What is being asked: What you return should be the lines from the one with "用点线面画一幅画简单_景观手绘中树怎么画比较好看? - 知乎" through the one with "Caramelized Banana Oatmeal" in the data below, reproduced exactly with both ends, and no pictures at all.
Records below:
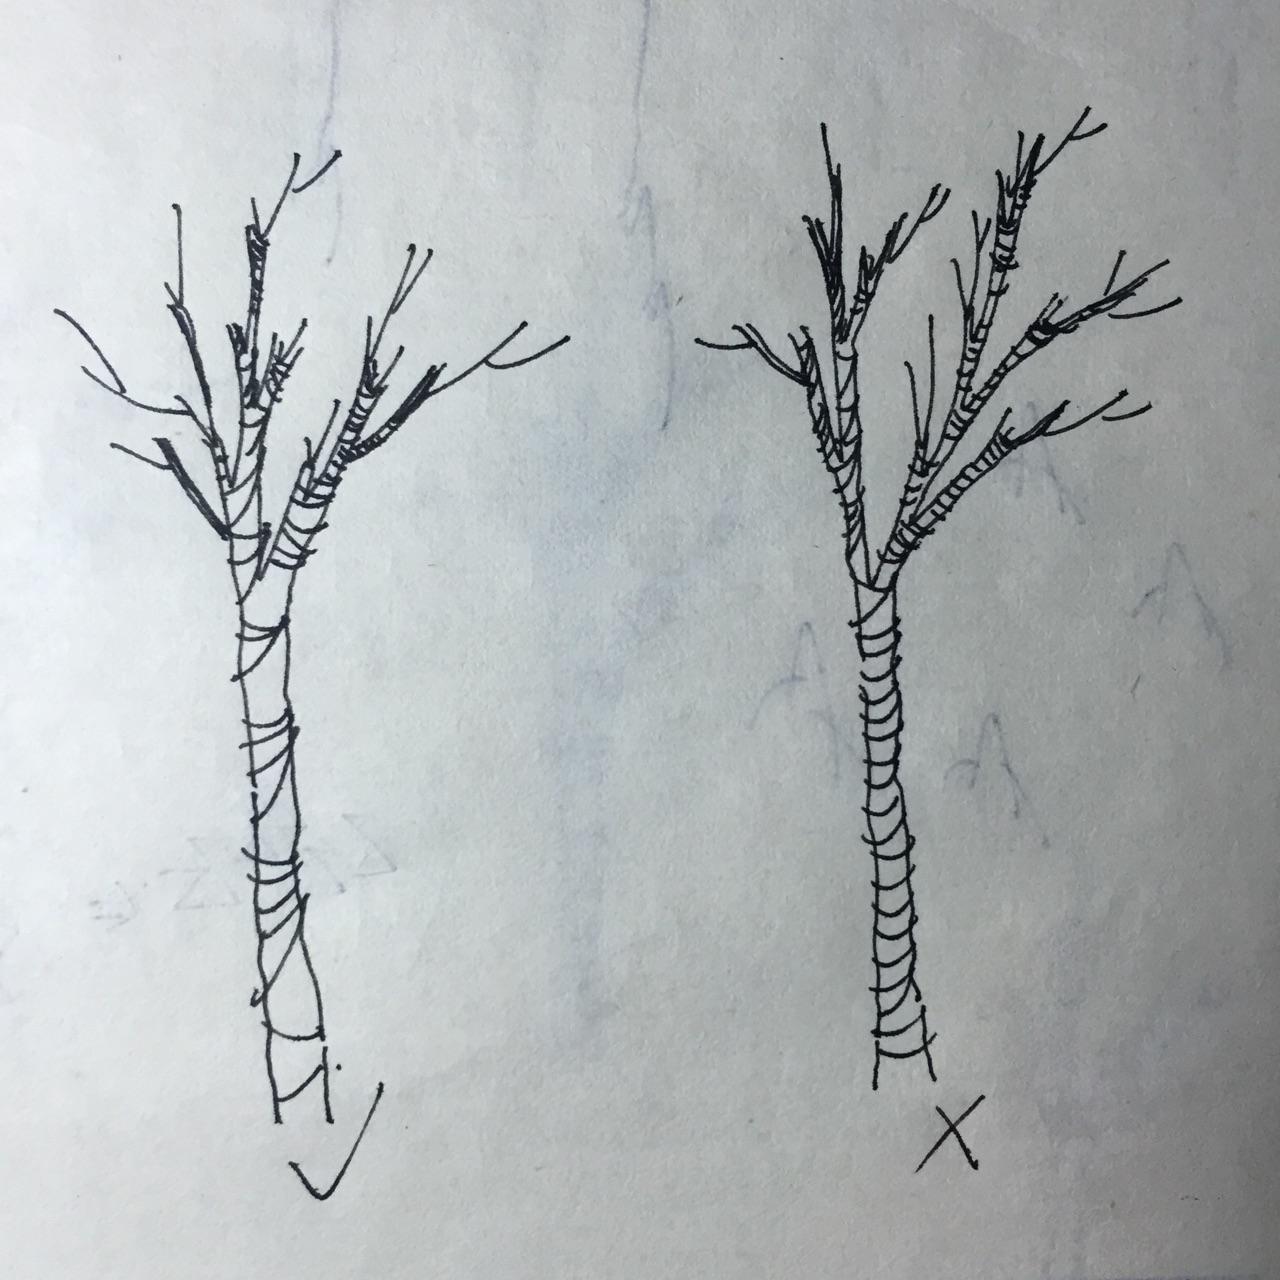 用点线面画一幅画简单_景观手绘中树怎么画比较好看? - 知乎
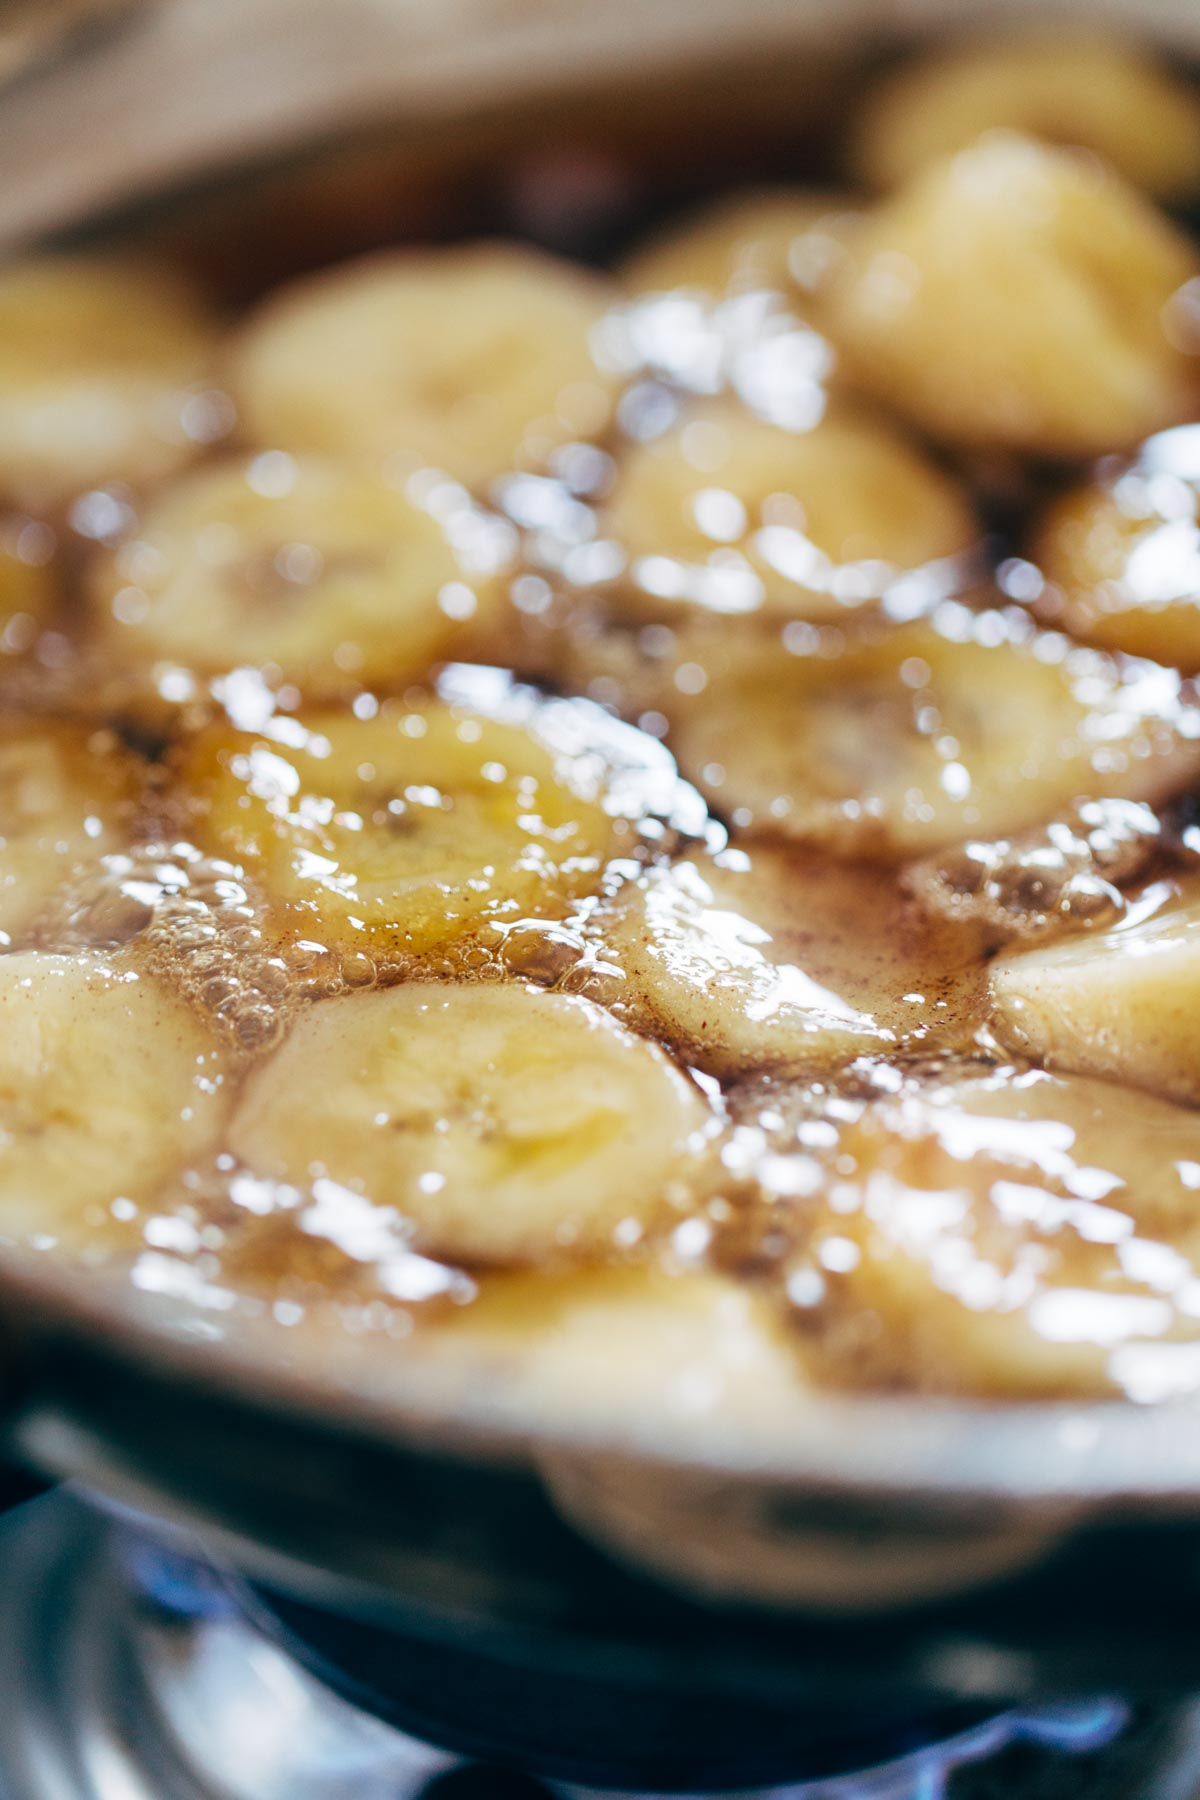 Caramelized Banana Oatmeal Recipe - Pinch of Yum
End of Records.
Records below:
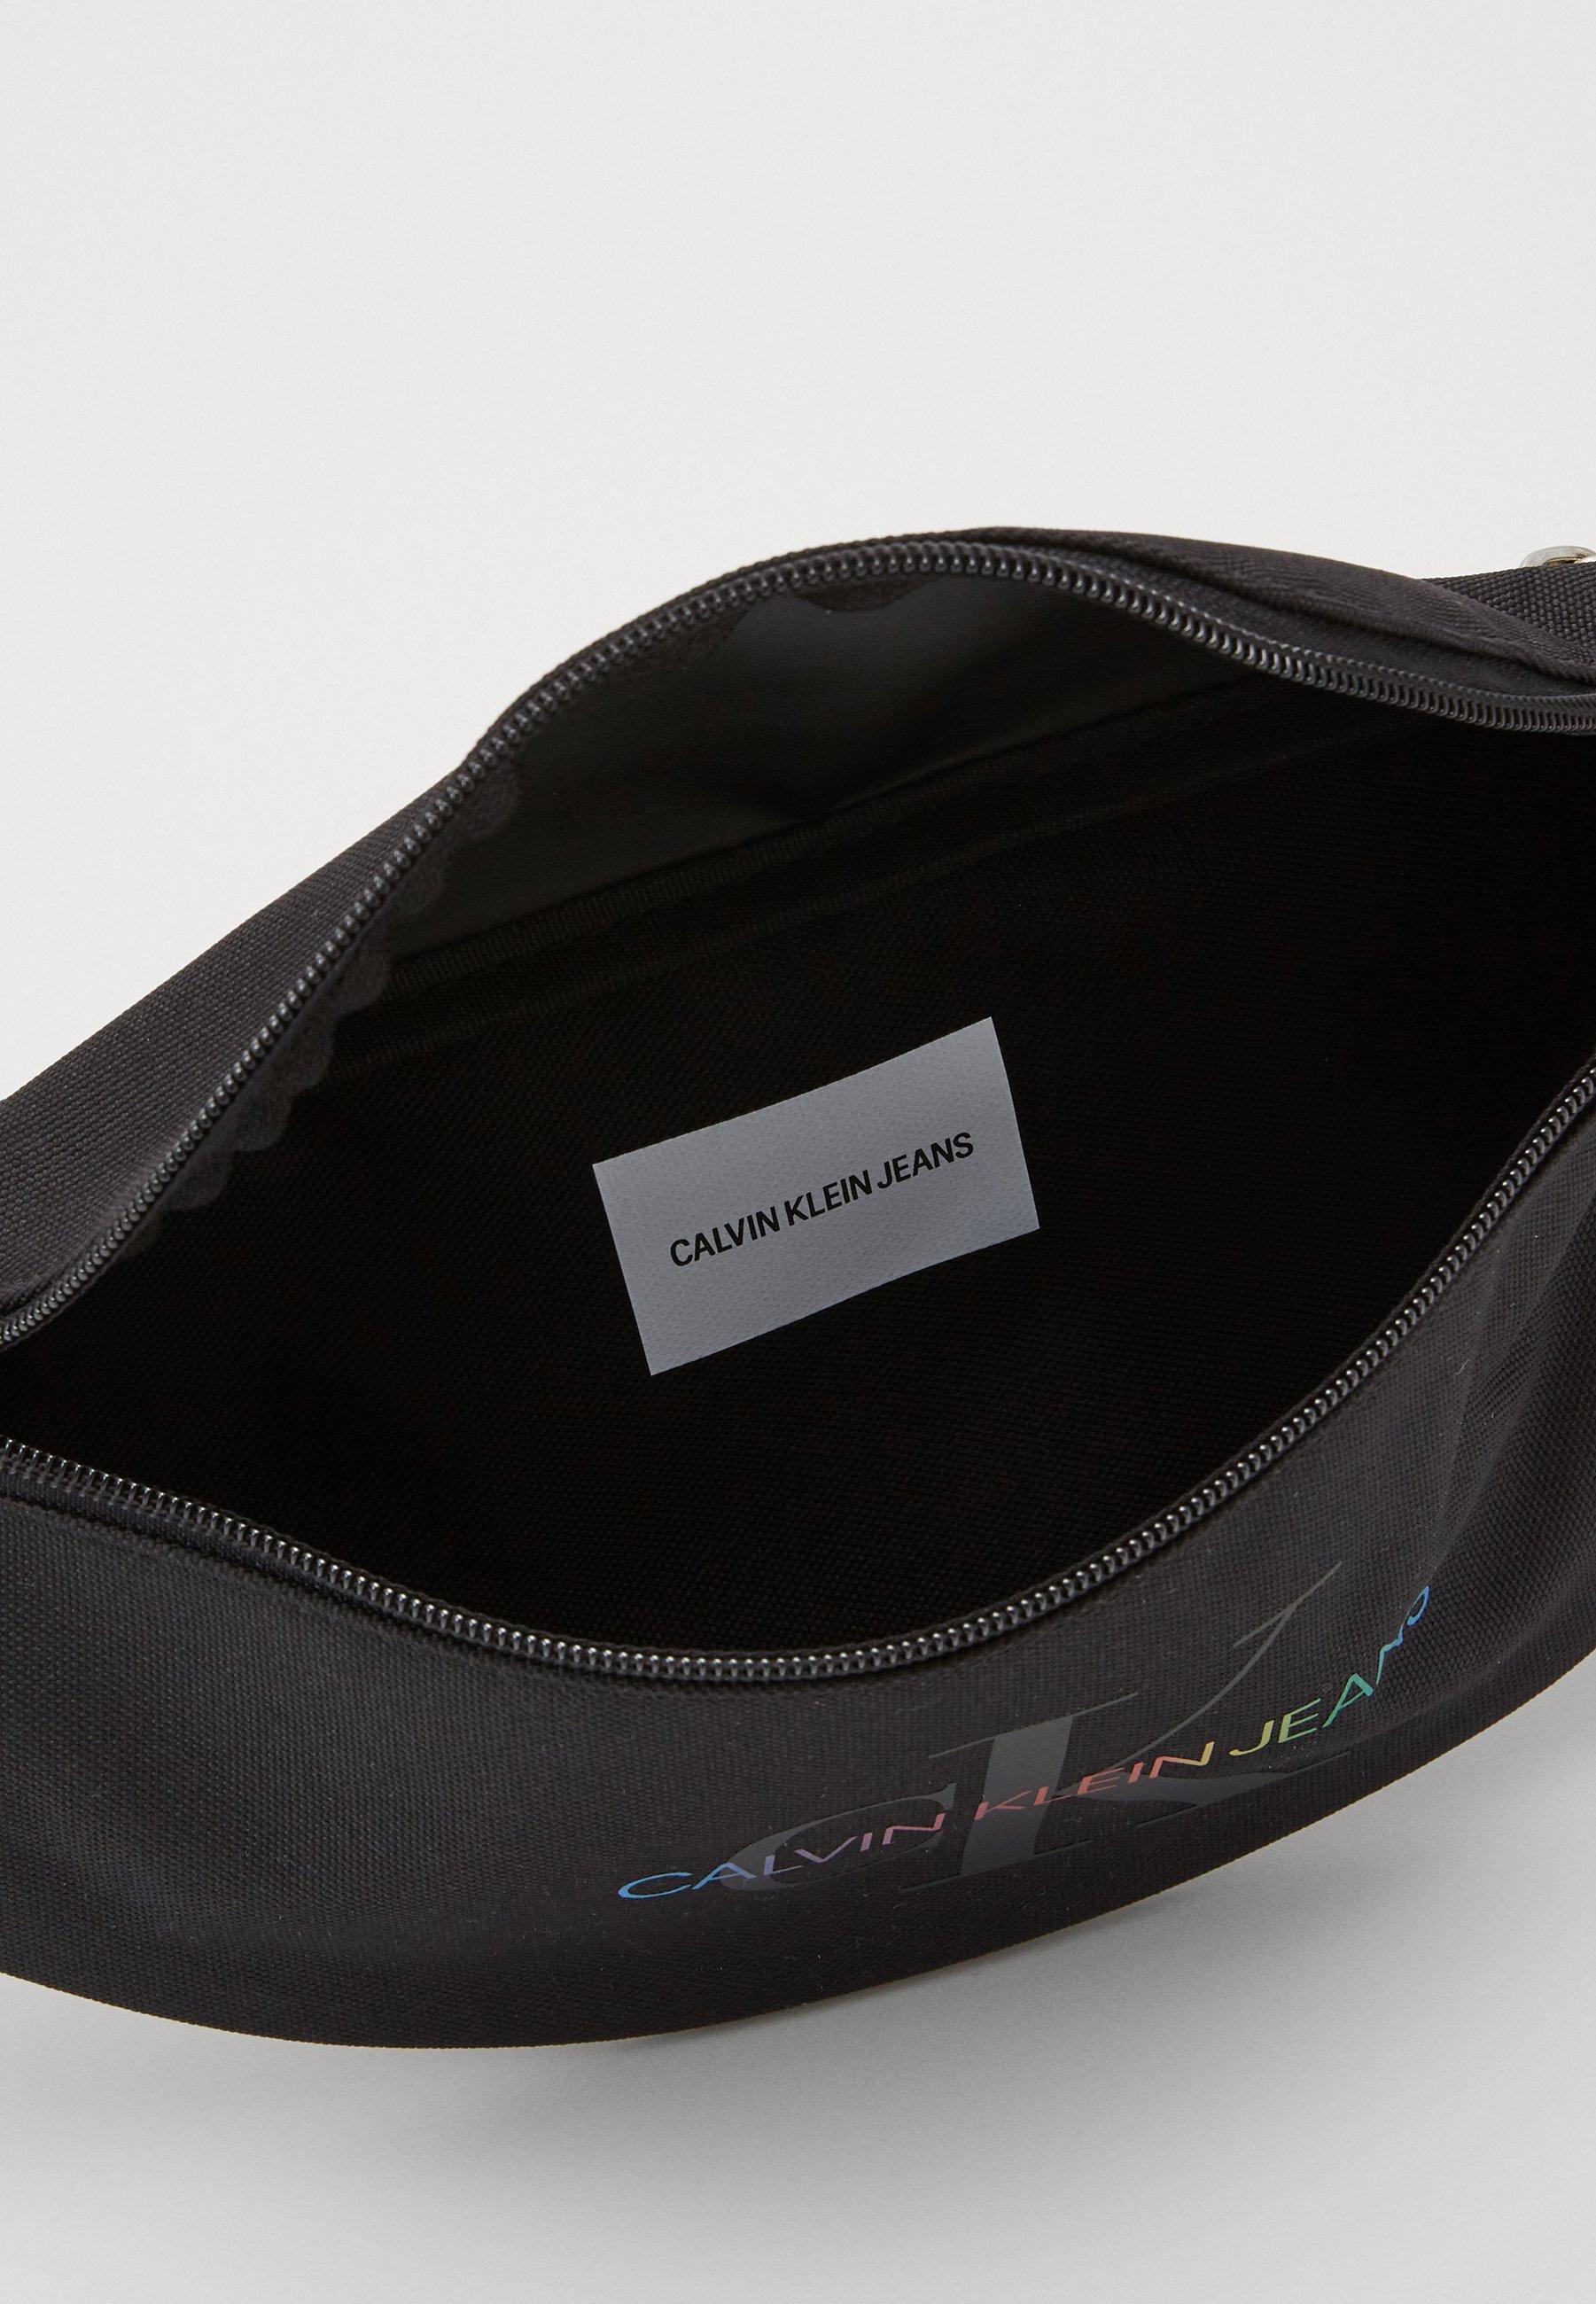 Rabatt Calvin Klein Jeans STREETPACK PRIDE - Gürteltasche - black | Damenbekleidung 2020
End of Records.
Output for this task:
 用点线面画一幅画简单_景观手绘中树怎么画比较好看? - 知乎
 Caramelized Banana Oatmeal Recipe - Pinch of Yum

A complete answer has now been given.